6. Third-party sharing & entrustment (제3자 제공 및 처리위탁)
We share data only with the subprocessors required to operate the business. We do not sell, rent, or trade personal information.
| Recipient | Purpose | Data shared | Country |
|---|---|---|---|
| Lemon Squeezy (Squeezy LLC) | Payment processing, merchant of record, tax handling | Email, payment details, billing address, order metadata | United States |
| Resend, Inc. | Transactional email delivery (license keys, support replies) | Email address, message content | United States / EU |
| Render Services, Inc. (United States) | Web hosting for lockstack.net | Standard server logs (IP address, user agent, request paths) | United States |
Each subprocessor is contractually bound to process the data only for the specified purpose and to apply equivalent or stronger protections than required by Korean law. We will update this list before adding any new subprocessor that processes personal data, and notify customers by email where required.
7. International transfers (국외 이전)
Our subprocessors are based outside South Korea (primarily the United States and the European Union). When personal data is transferred internationally we rely on the subprocessor’s Standard Contractual Clauses (SCCs) or equivalent safeguards under PIPA Article 28-8. By providing your data, you consent to this international transfer.
8. Your rights (정보주체의 권리)
Under PIPA and GDPR, you have the right to:
- Request a copy of the personal data we hold about you (열람권).
- Correct inaccurate data (정정·삭제 요구권).
- Request deletion (subject to legal retention obligations).
- Object to or restrict processing (처리정지 요구권).
- Withdraw consent where consent is the basis.
- Lodge a complaint with the Personal Information Protection Commission or your local data protection authority.
Exercise any right by emailing hello@lockstack.net. We respond within 10 days under PIPA, and within 30 days under GDPR.

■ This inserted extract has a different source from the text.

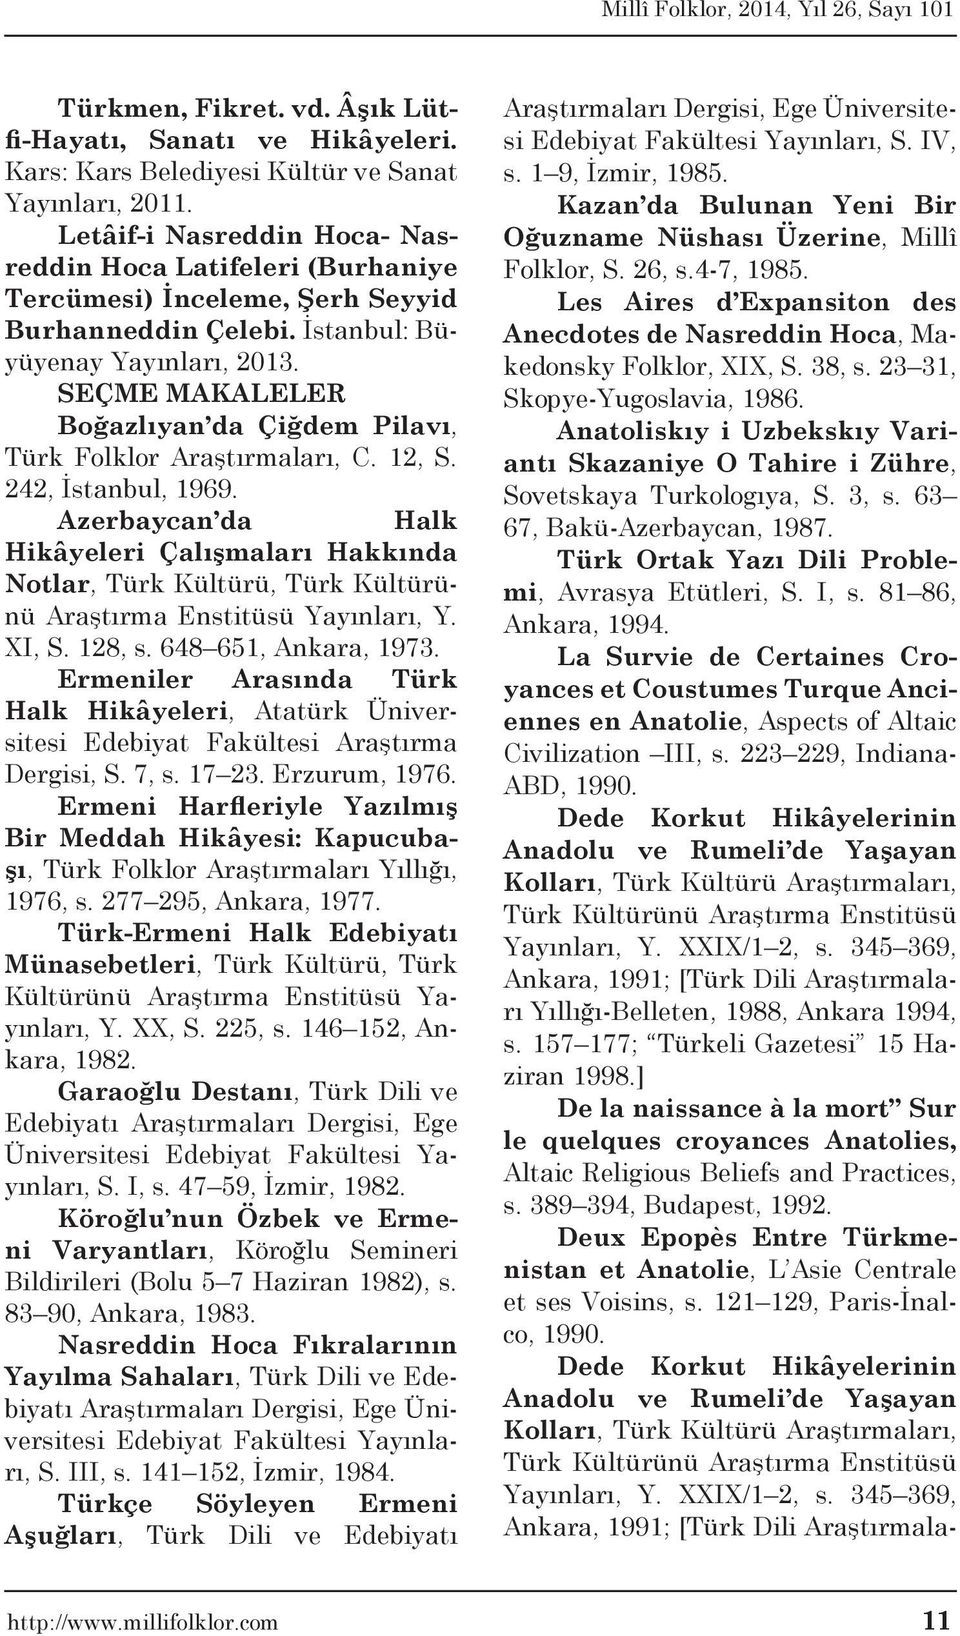 SEÇME MAKALELER Boğazlıyan da Çiğdem Pilavı, Türk Folklor Araştırmaları, C. 12, S. 242, İstanbul, 1969.

9. Security measures (안전성 확보 조치)
We implement the technical and administrative measures required by PIPA Article 29 and the Personal Information Protection Commission’s safety standards:
- Encryption in transit — TLS 1.2+ on all web traffic.
- Encryption at rest — vendor-managed encryption on the database and email service.
- Access control — least-privilege admin access; the admin dashboard is password-protected with CSRF token rotation on login.
- Webhook integrity — payment events are signature-verified before any database write.
- Audit logging — server logs retain admin actions for incident review.
- No on-app processing — the desktop application processes user content entirely on the user’s own machine, eliminating the largest attack surface.
10. Privacy Officer (개인정보 보호책임자)
The designated Privacy Officer responsible for handling personal information protection matters under PIPA Article 31:
- 이름 (Name): 이수정
- 이메일 (Email): hello@lockstack.net
11. Rights infringement remedies (권익침해 구제방법)
If your personal information rights are infringed, you may seek remedy through any of the following Korean authorities:
- 개인정보 분쟁조정위원회 (Personal Information Dispute Mediation Committee) — 1833-6972 · www.kopico.go.kr
- 개인정보 침해신고센터 (Privacy Infringement Report Center, KISA) — 118 · privacy.kisa.or.kr
- 대검찰청 사이버수사과 (Supreme Prosecutors’ Office Cybercrime Division) — 1301 · www.spo.go.kr
- 경찰청 사이버수사국 (National Police Agency Cyber Bureau) — 182 · ecrm.police.go.kr
12. Changes to this policy (변경 공지)
If we make material changes, we will update the “last updated” date below and, where required by law, notify customers by email or website notice at least 7 days before the change takes effect (30 days for changes adverse to data subjects).